**Directions for this task**
Write out exactly the lines from the one with "A business owner" through the last line of the data below, but not the pictures.

--- Source material ---

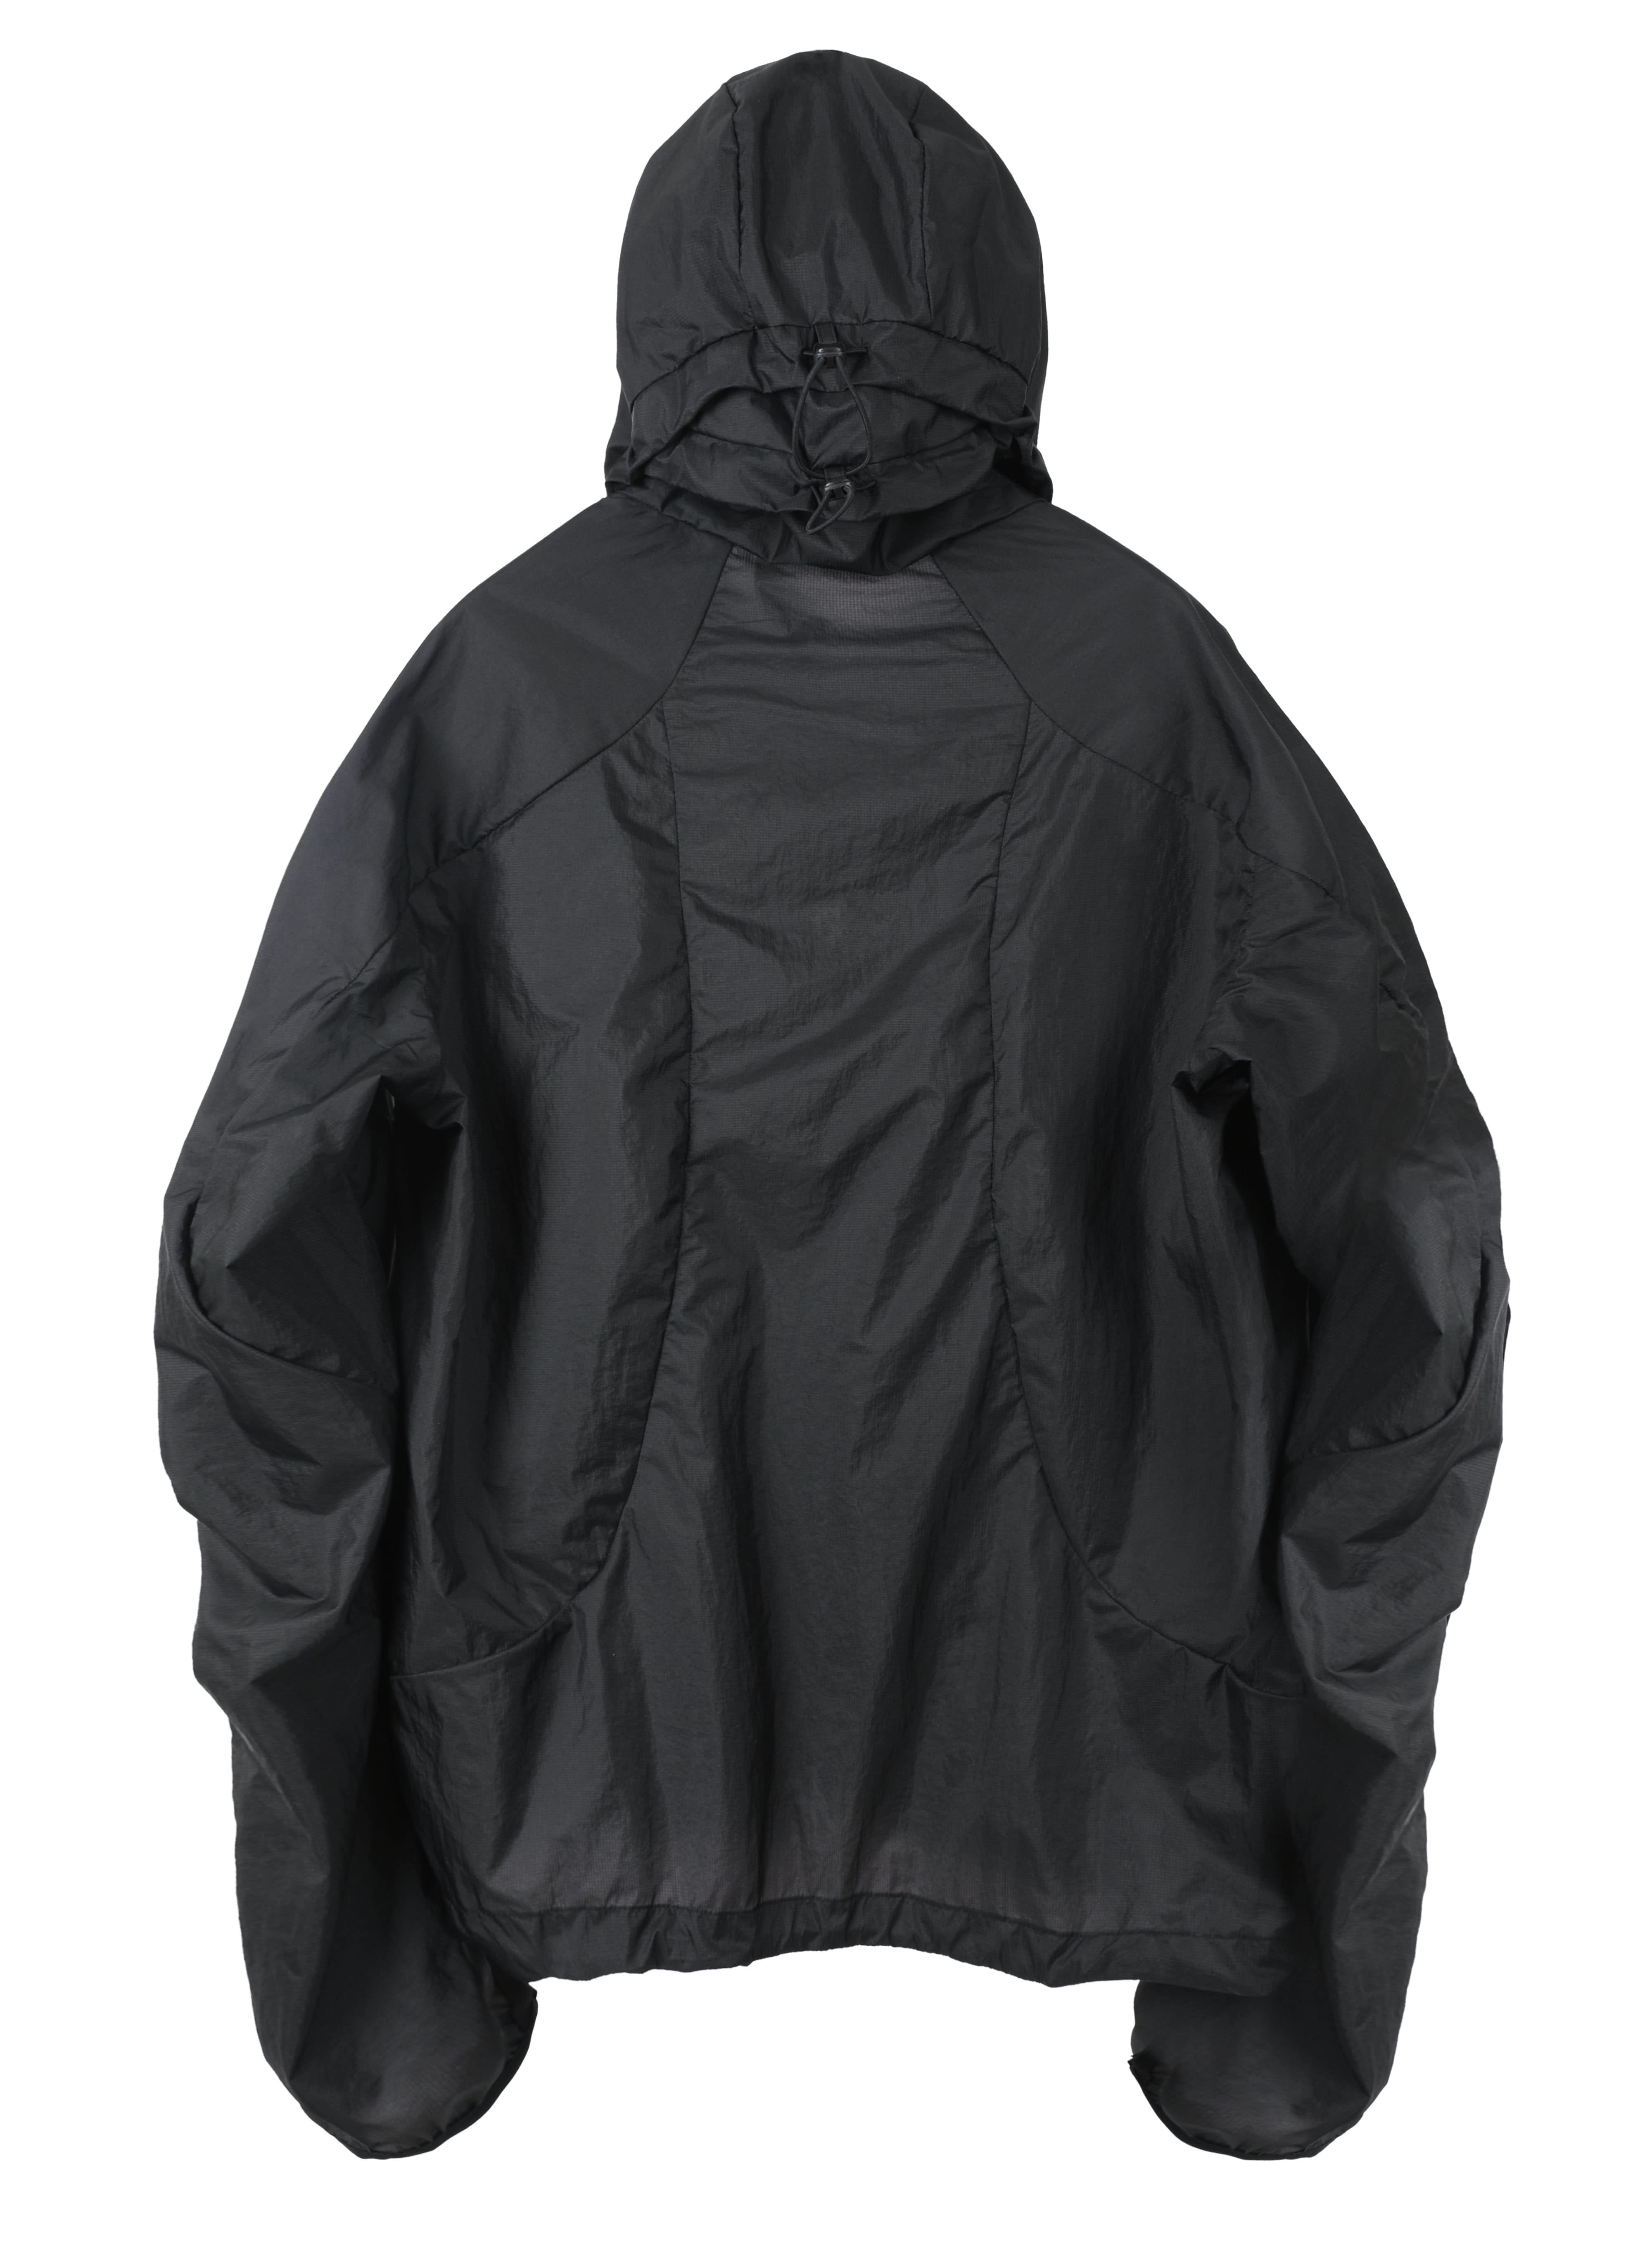 5.0 TECHNICAL JACKET RIGHT (BLACK)
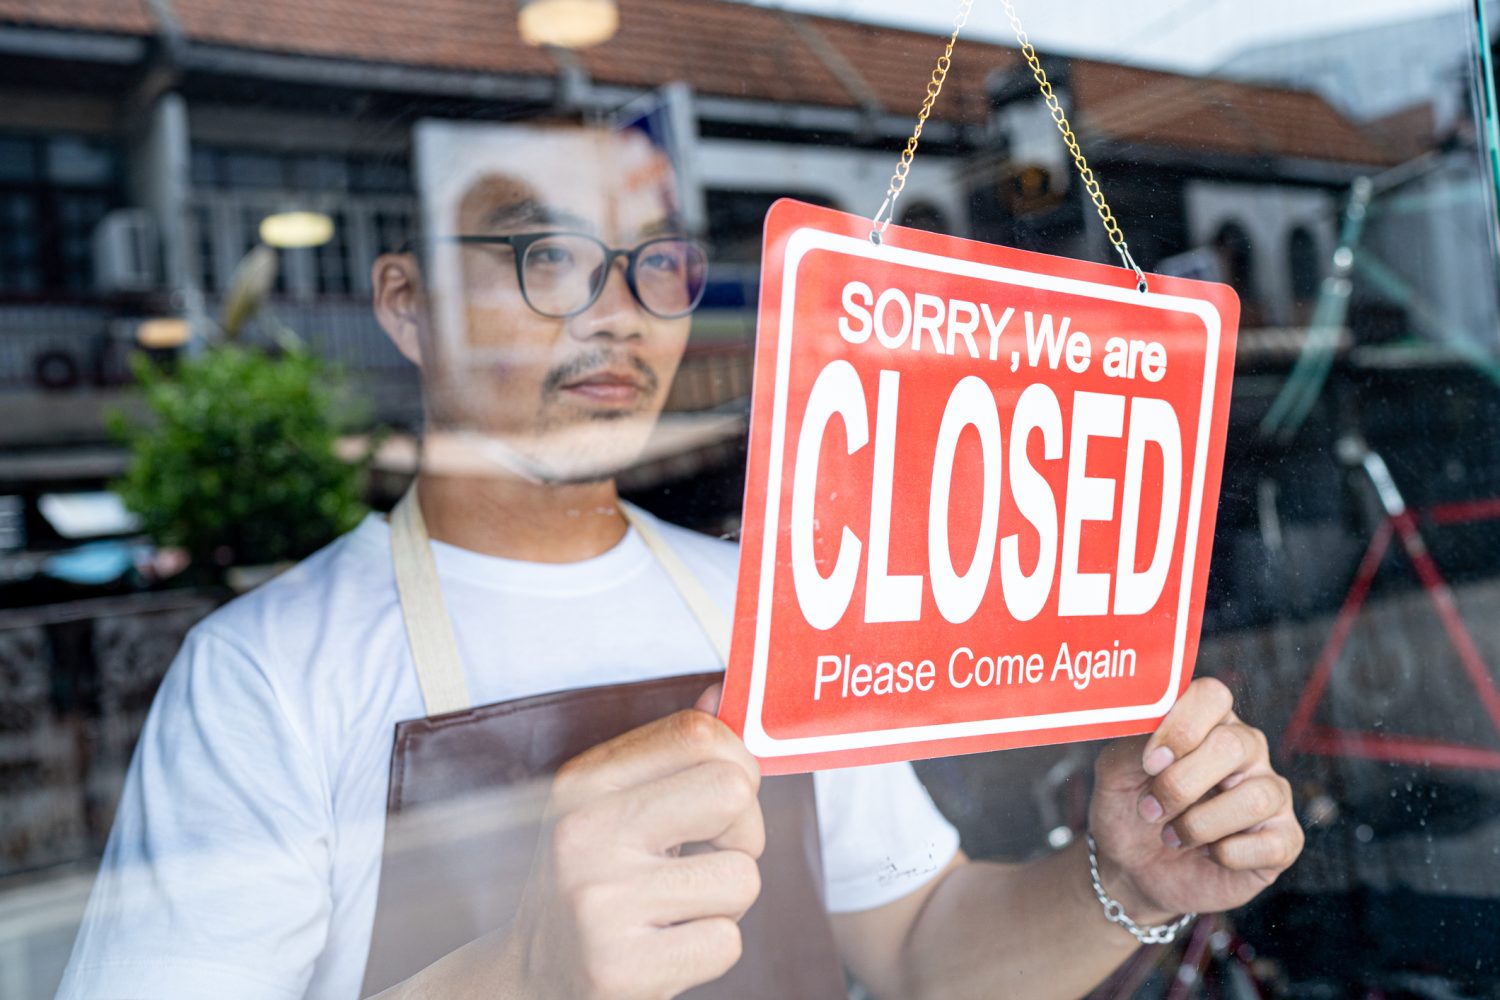 A business owner is forced to hang up a “closed” sign after a natural disaster.
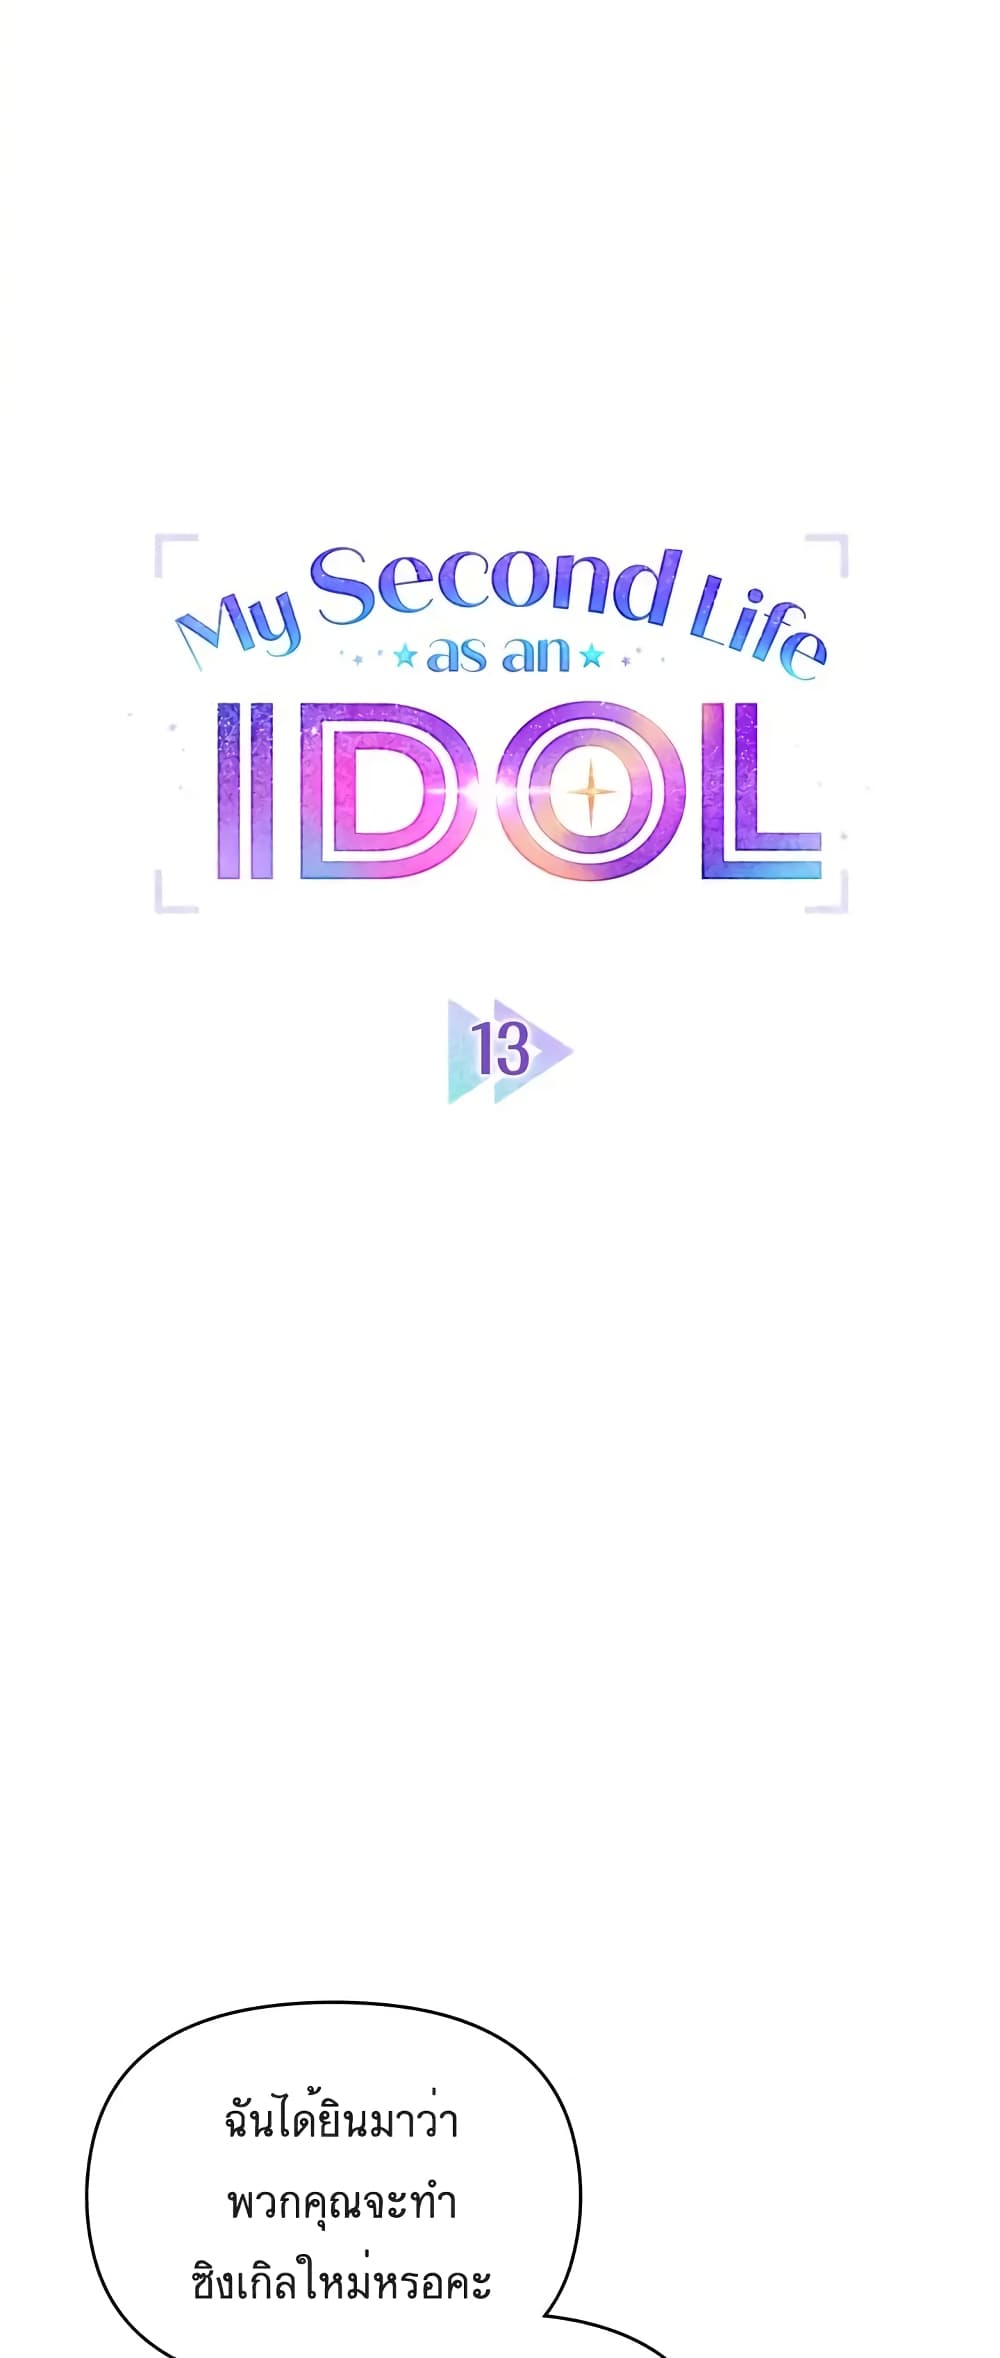 My Second Life as an Idol 13-13

---

**Solution**
 A business owner is forced to hang up a “closed” sign after a natural disaster.
 My Second Life as an Idol 13-13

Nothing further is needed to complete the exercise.